• Task input:
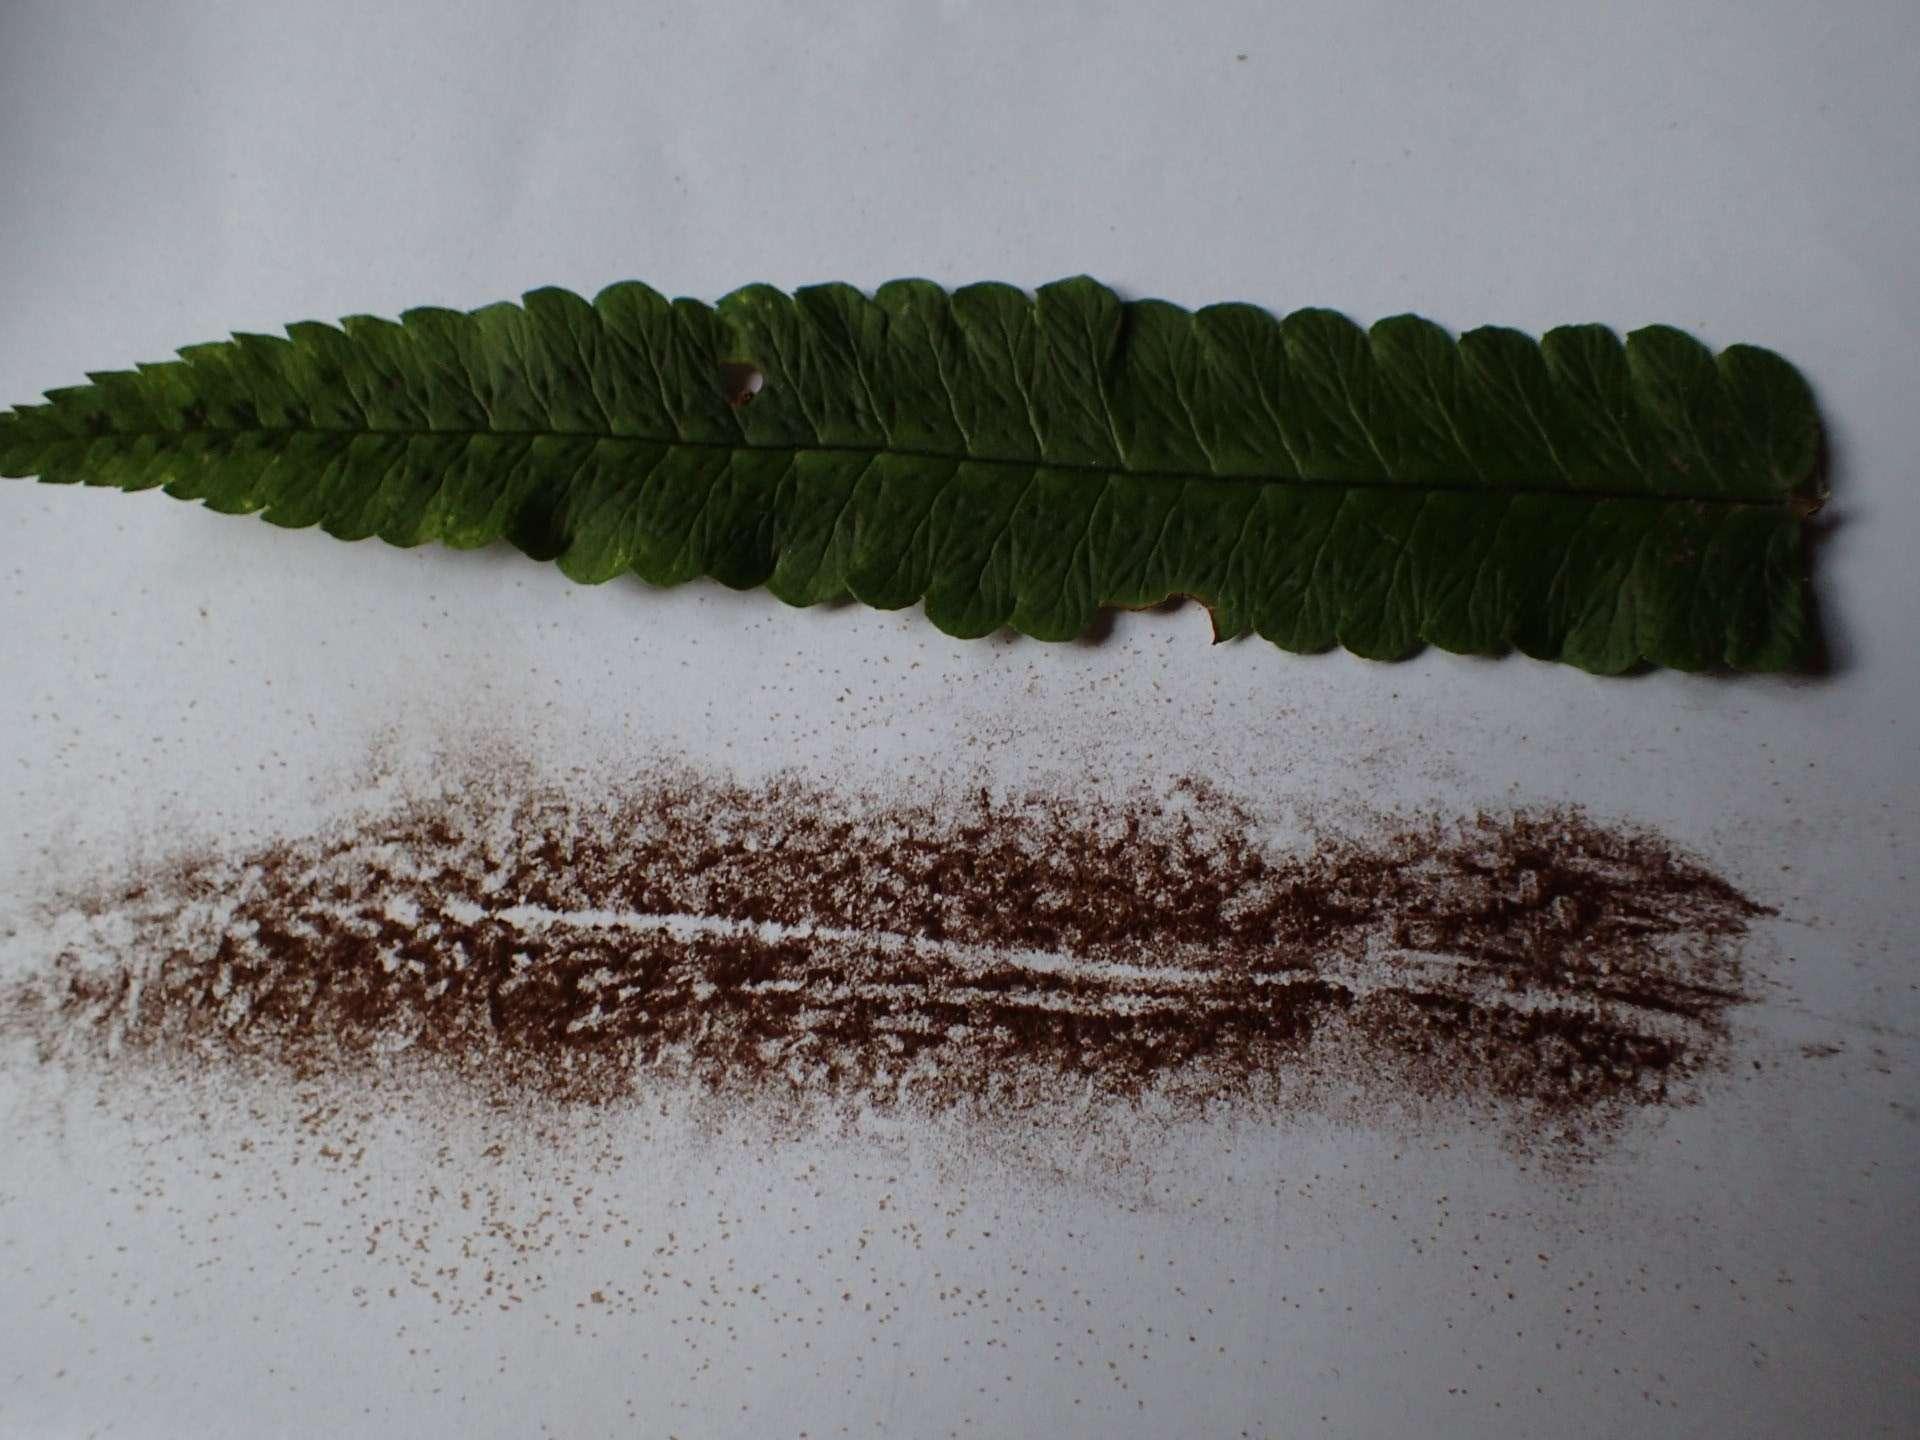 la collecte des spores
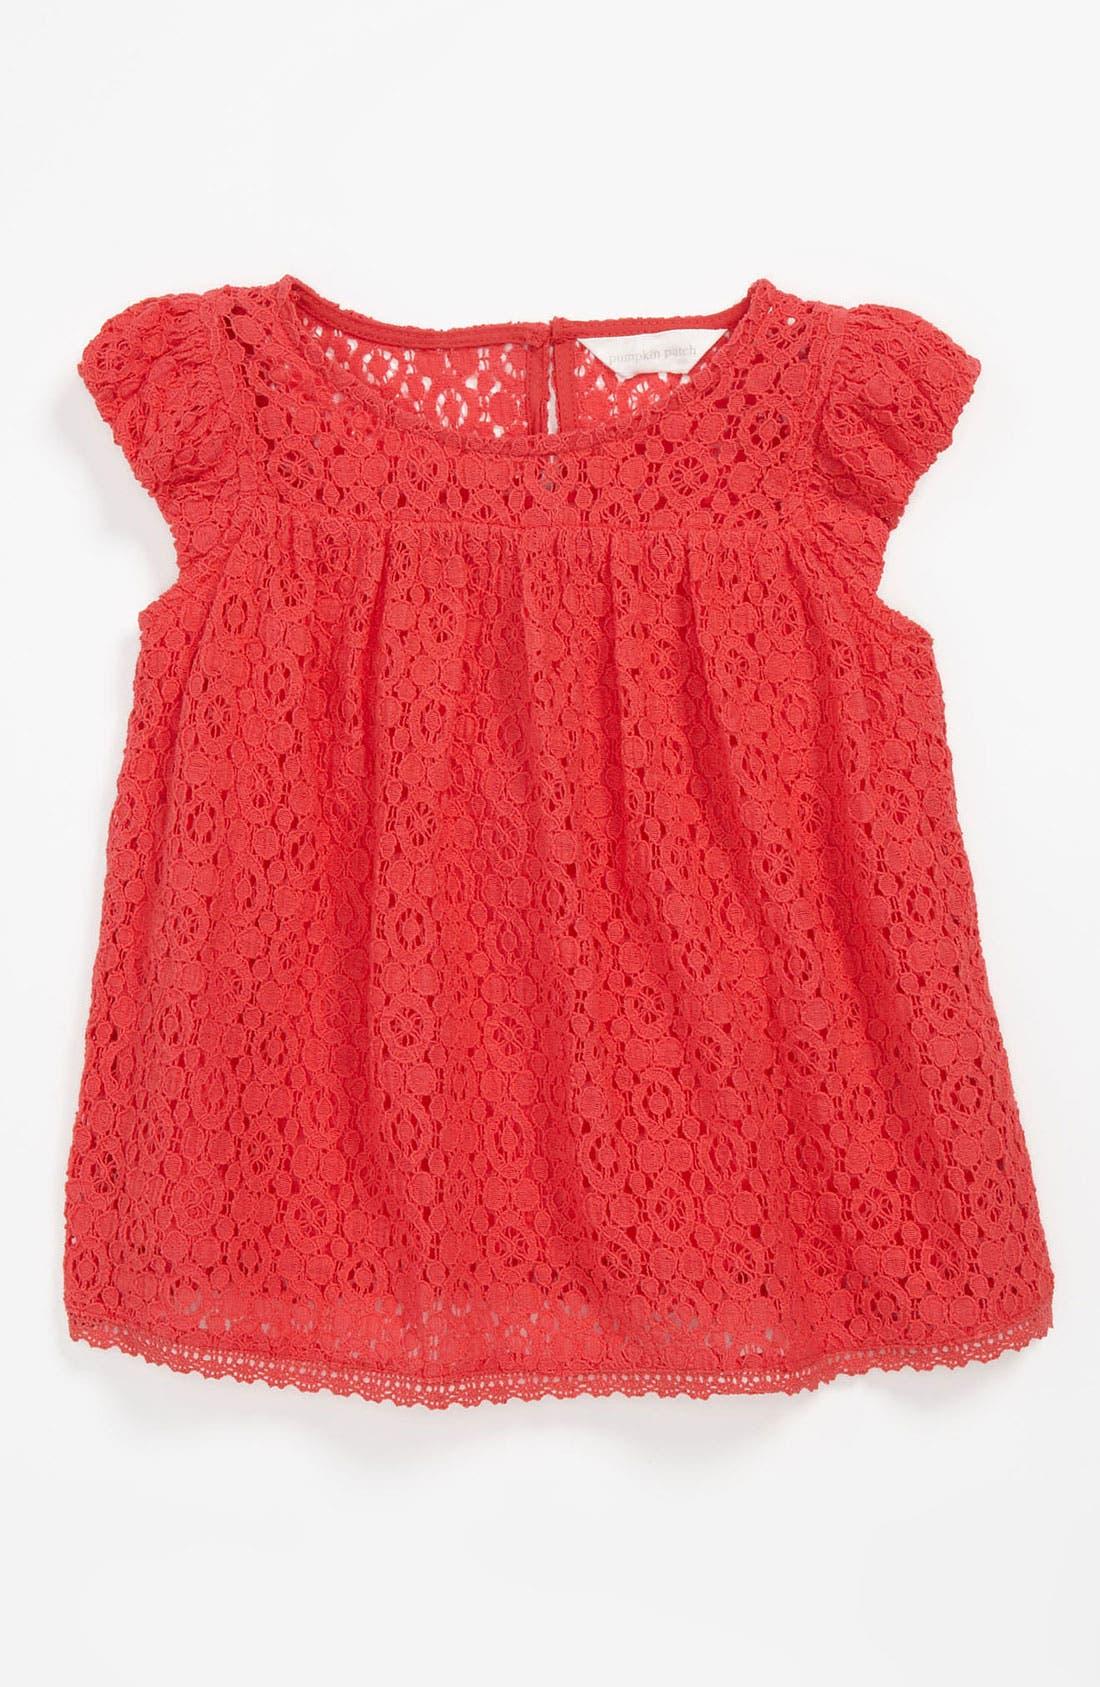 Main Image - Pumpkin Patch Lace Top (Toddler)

---

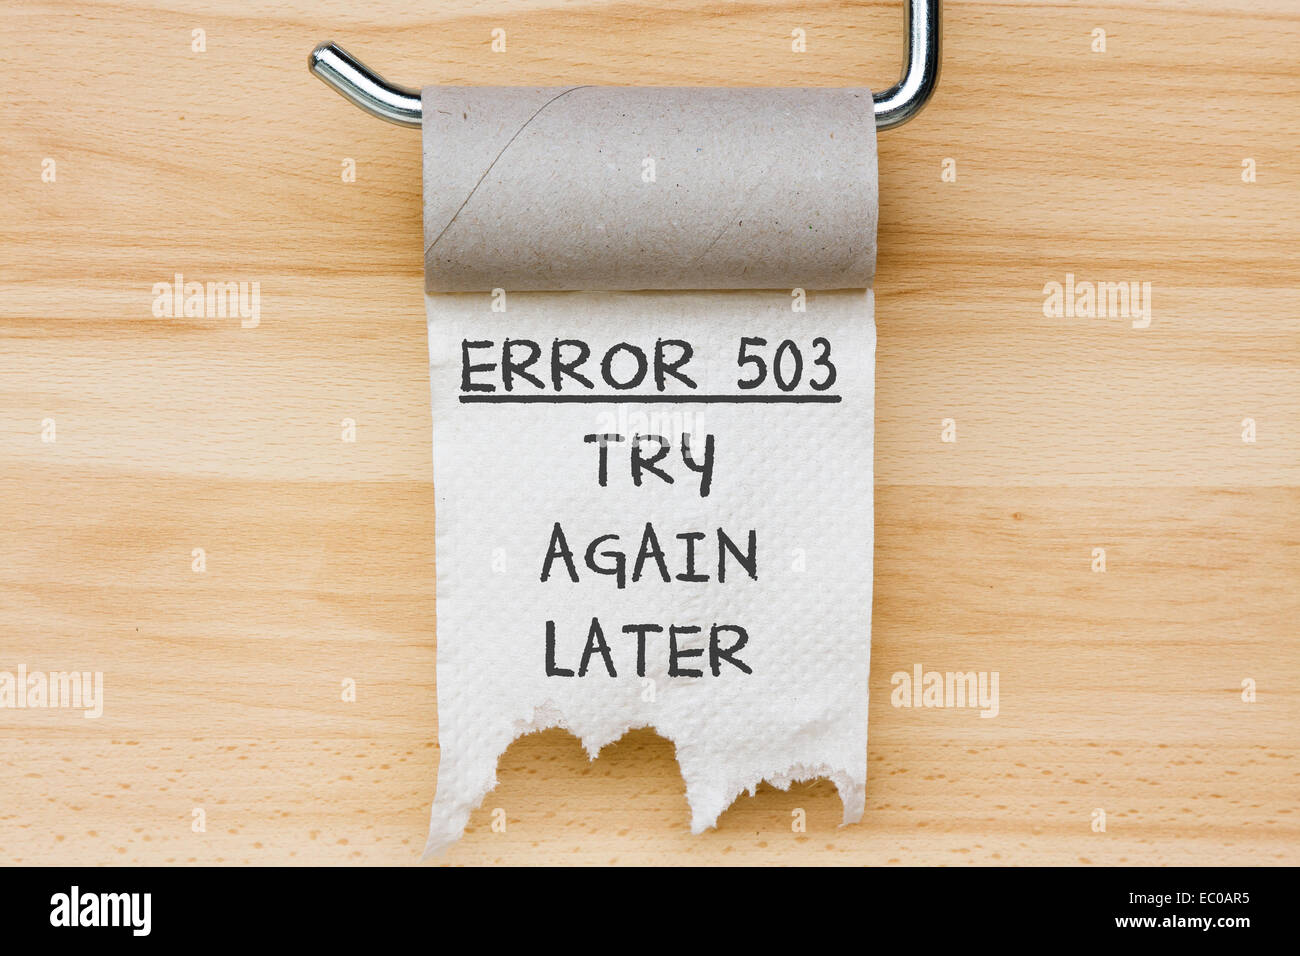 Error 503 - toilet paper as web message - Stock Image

* * *

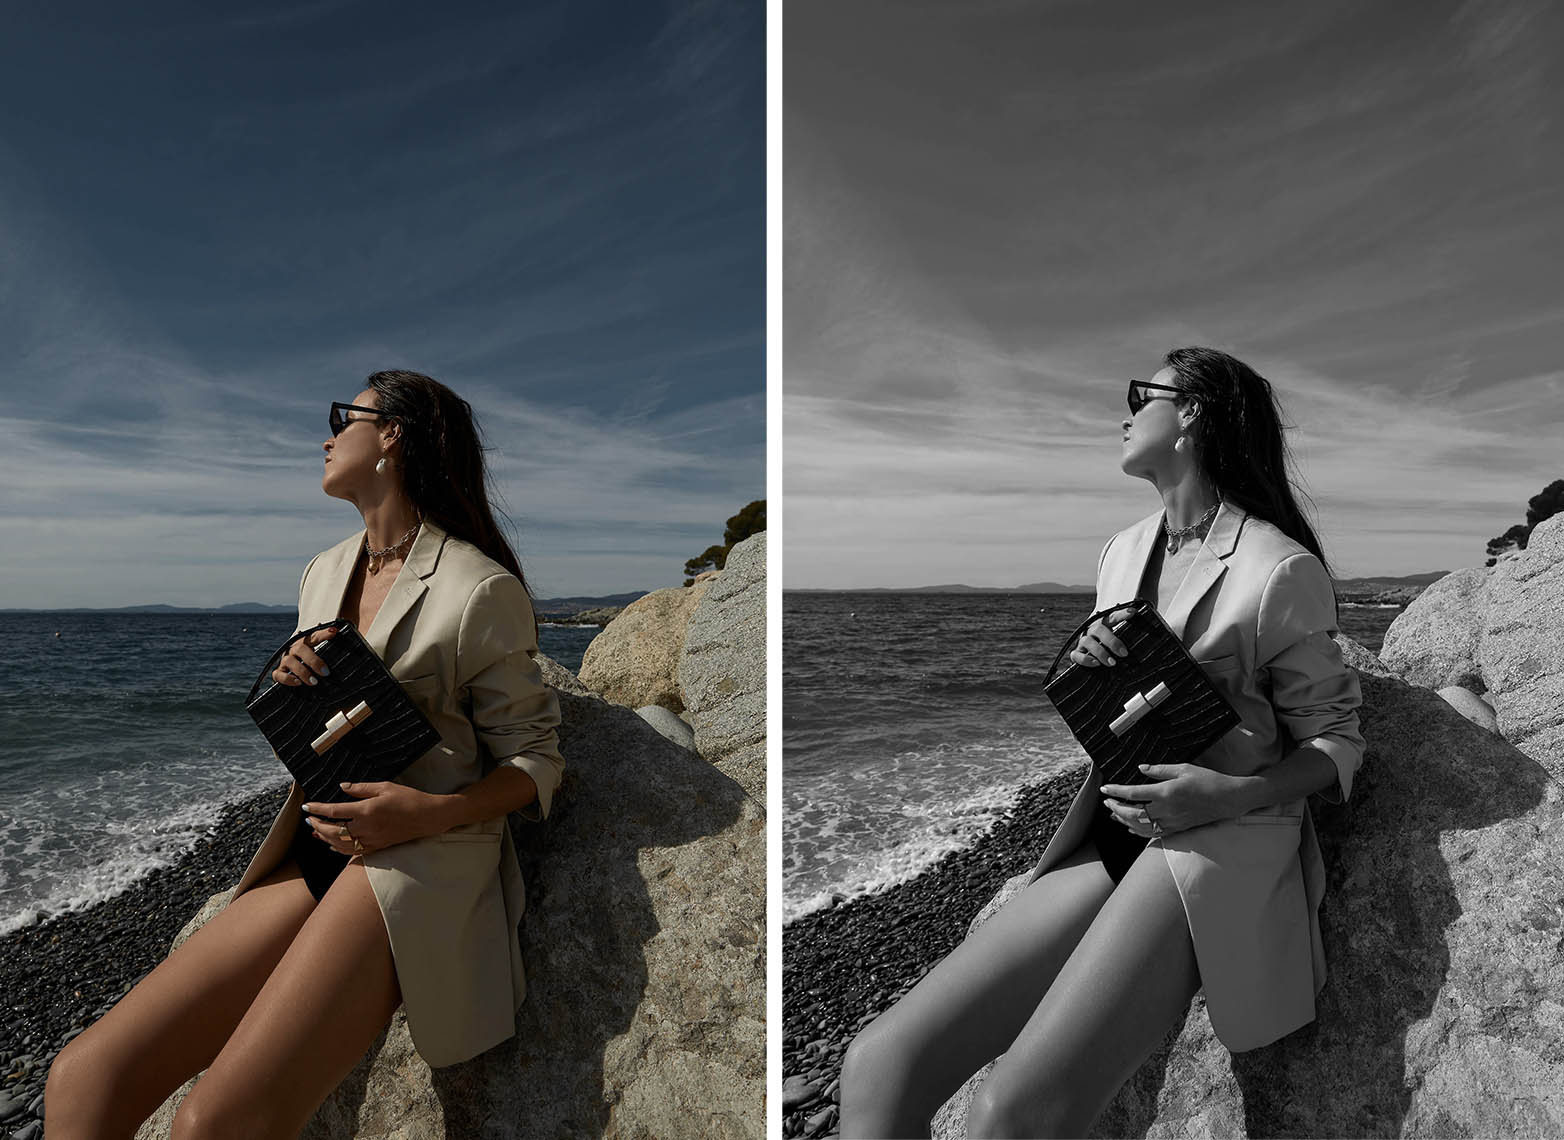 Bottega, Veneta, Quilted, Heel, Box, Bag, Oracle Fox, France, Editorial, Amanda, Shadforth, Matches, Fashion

• Task to carry out: Your answer is the exact run of lines above from the one with "la collecte des spores" through the one with "Main Image - Pumpkin", both ends included, minus any picture.

• Solution to the problem:
 la collecte des spores
 Main Image - Pumpkin Patch Lace Top (Toddler)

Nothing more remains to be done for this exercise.